If you’ve got savings, next time you receive a statement expect to see something rather strange. There’s been a hidden revolution of the savings rules, and it means when you’re paid interest, from now on no tax will automatically be taken off.
It’s all due to the new Personal Savings Allowance (PSA), which launched at the start of the new tax year on 6 April.
Previously, unless you were saving in an ISA, when you earned interest, the taxman took a bite. So for every £100 interest earned as a basic-rate taxpayer, you only actually got £80 (higher rate got £60). Yet now, if you earn interest within your PSA, you get £100 and you keep £100. For a detailed Q&A on it, read www.mse.me/PSA, but here are my quick need-to-knows.
-All savings interest is now paid gross, ie, no tax will be taken off.
-This works for ALL interest - not just savings accounts, but bank accounts, credit unions and peer-to-peer savings.
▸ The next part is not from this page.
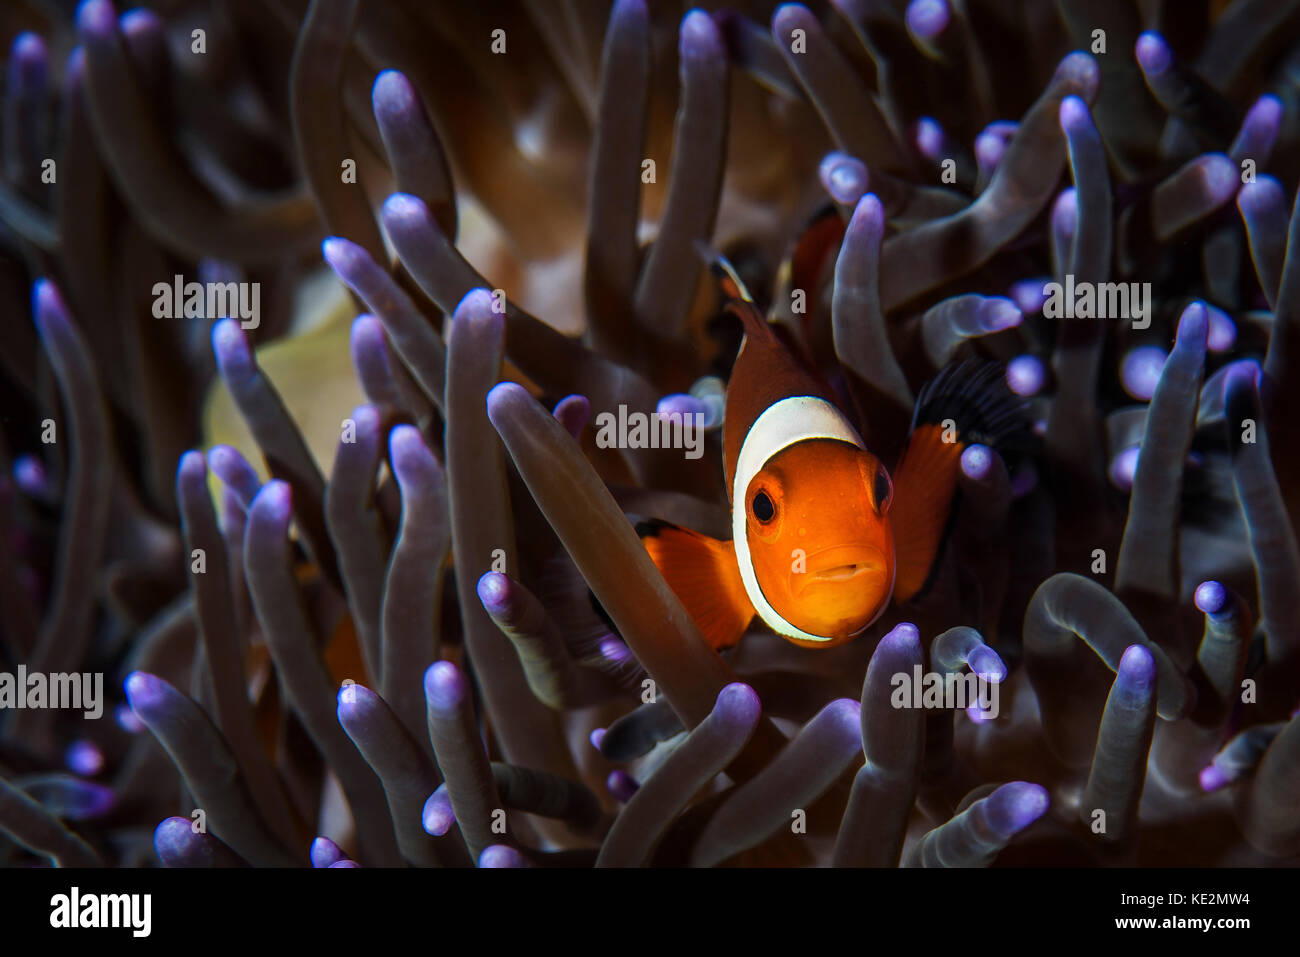 A clownfish in an anemone, North Sulawesi, Indonesia. Stock Photo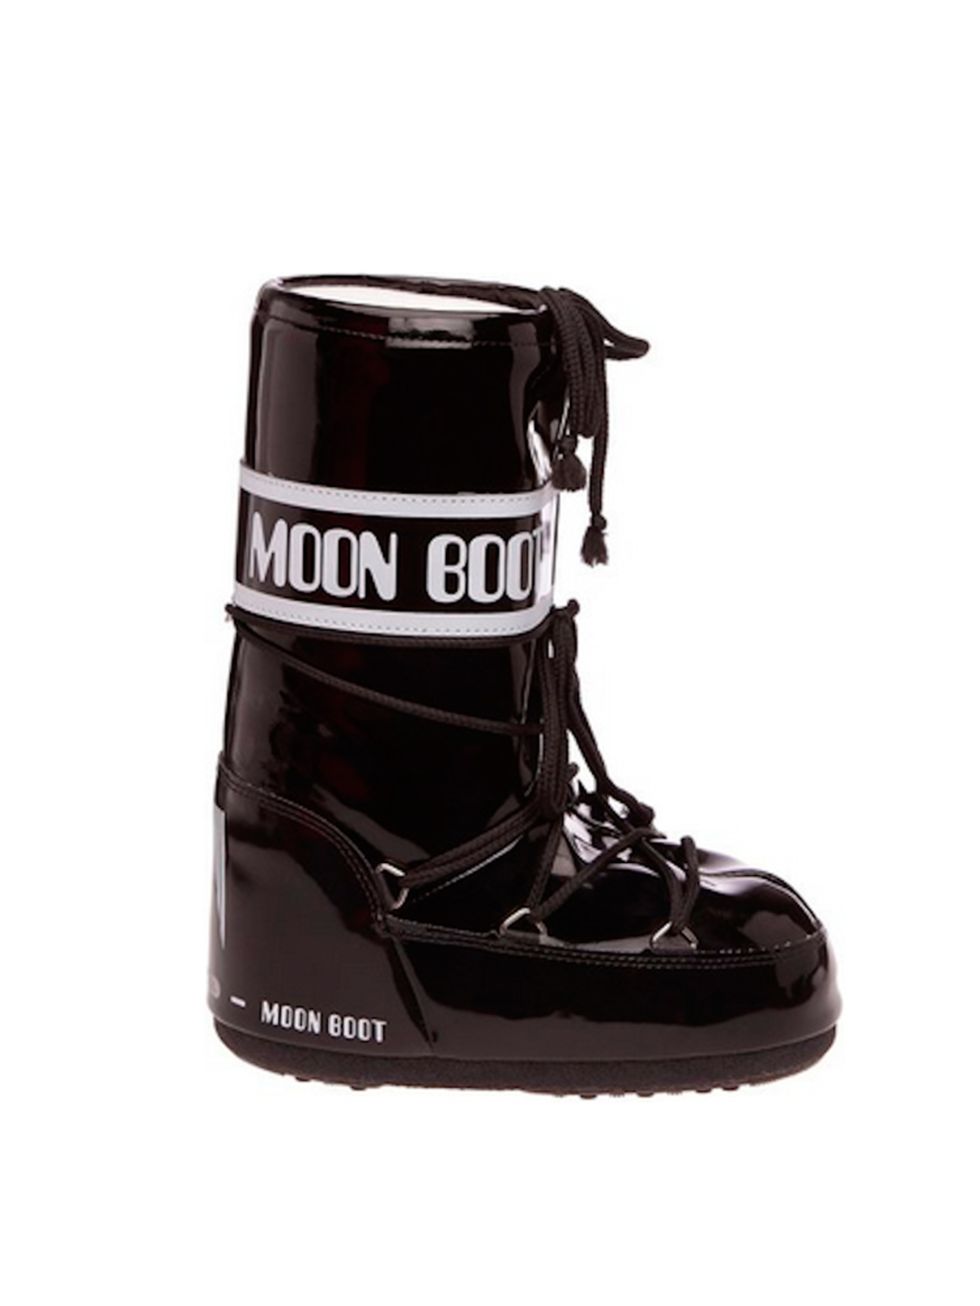 <p>Moon Boots, £55 at <a href="http://www.amazon.co.uk/Moon-Boot-Unisex-Adult-14009700-Bianco/dp/B004CNWRGG/ref=sr_1_7?s=shoes&ie=UTF8&qid=1427196755&sr=1-7&keywords=moon+boots" target="_blank">amazon.co.uk </a></p>

However share dividends aren’t included.
-Basic 20% rate taxpayers can earn £1,000/yr interest tax-free.
-Higher 40% rate taxpayers can earn £500/yr interest tax-free.
-Top 45% rate taxpayers don’t get a PSA, so all interest is taxable.
-Cash ISAs, premium bonds and other tax-free savings interest DON’T count towards the £1,000 (or £500) limit so you can get this interest too.
-If you earn interest over the limit, you pay tax at your income tax rate, but only on the amount over the limit.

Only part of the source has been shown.